I want to interpret the coefficient of a*b with a Bayesian approach.
Is it a good practice to use the posterior probability density for the coefficient of a*b to decide if there is substantial interaction? For example, could I evaluate the probability that the coefficient is outside the region of practical equivalence (ROPE 0+/- 10%) and decide on the subgroup effect according to this criterion? Thanks.

You can compute the posterior probability that the absolute value of the interaction parameter exceeds some threshold. Or just make the right covariate-dependent treatment contrasts whether the interaction is impressive or not, since you have already committed to putting the interaction term in the Bayesian model.

I think one relevant aspect is that there are many subtleties in the choice of priors with interactions. For example, if I use an informative prior for a, for example N(-0.15,0,045) and a weakly informative prior for the interaction a*b, such as N(0,1), the problem is that I am not assuming the same prior for a as a function of each of the b levels.
This could condition the result if 1-a is evaluated instead of a. The question would be what priors do I have to use for interaction terms to assume that both levels of a are under the same prior?

I would think of this as what prior represents the range and relative probabilities of differential treatment effects. The interaction prior induces a correlation between the knowledge of x-specific treatment effects where x is the interacting factor. I would tend to use a skeptical prior for the treatment effect in the reference level of x, and an even more skeptical prior for the double differences.

Thank you, Frank.
In the photo what I got so far…


The formula is simplified, the model is much more complex.
For the interaction I used what Andrew Gelman calls in his blog a generic weakly informative prior: normal(0, 1)…
You now suggest that I should use a prior more skeptical than normal (0,1) for the interaction term.
I think it would be reasonable to consider normal (0,0.1). On the other hand, an even more skeptical prior, such as normal (0,0.05) might suppose to assume too much, for example, to assume that I already know that the modification of the effect is going to be very tiny, when in fact this is not clear.
Isn’t it a little subjective? How do I defend normal(0,0.1) against any other option? Does that seem reasonable to you?

I like your way of thinking. I would just change the metric for choosing the prior from variance to the probability that the differential effect exceeds some meaningful level, and solve for the variance that gives you that probability.
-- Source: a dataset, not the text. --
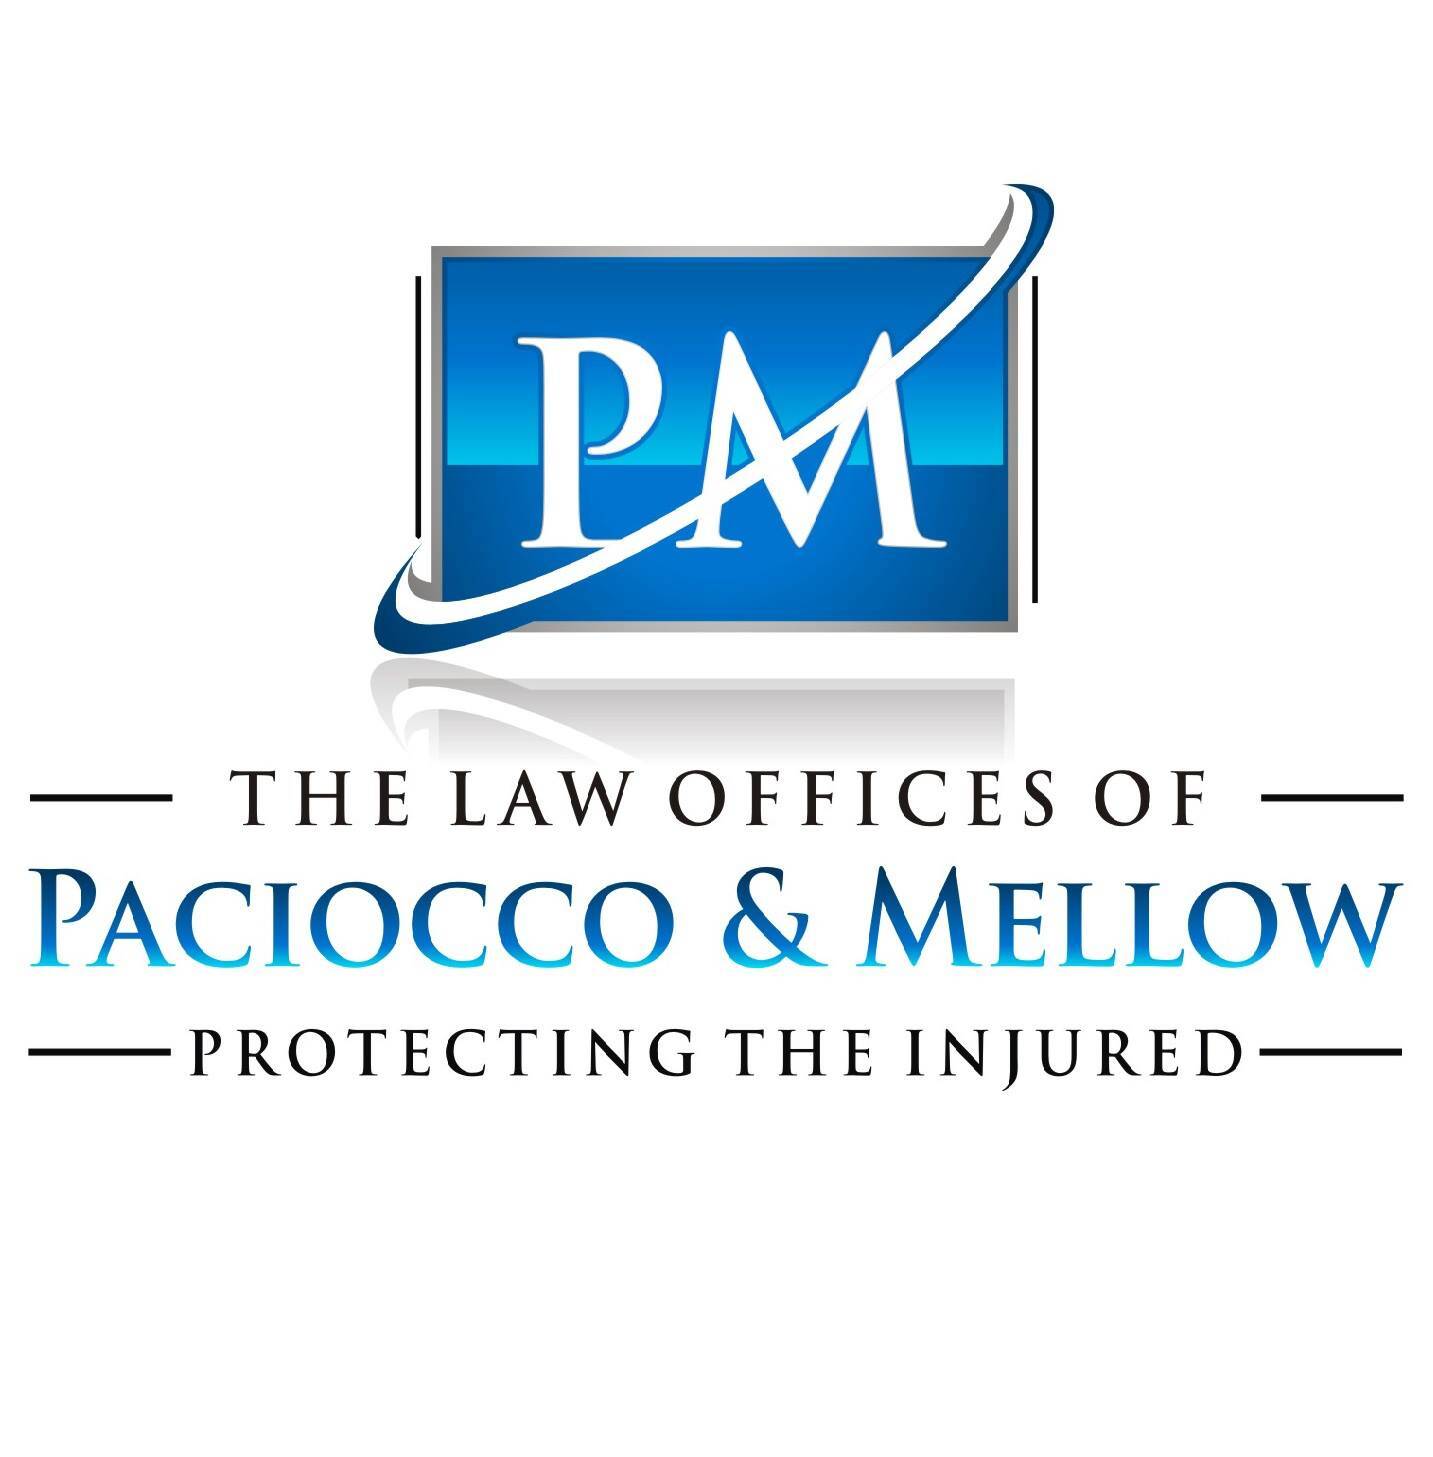 Paciocco & Mellow Injury Lawyers

I’ve been trying that. What I thought was to use the meta-analysis main effect estimate as prior when the interaction was null. Then I did what you said, selecting the prior for the interaction term based on plausible values from previous individual studies within the meta-analysis rather than variance. The result better reflects previous knowledge. However, I have realized how important it is to be rigorous, not only in the choice of prior, as it conditions the outcome, but in the interpretation of posterior bayesian results, which are largely due to our decisions. Notice the change with the previous result.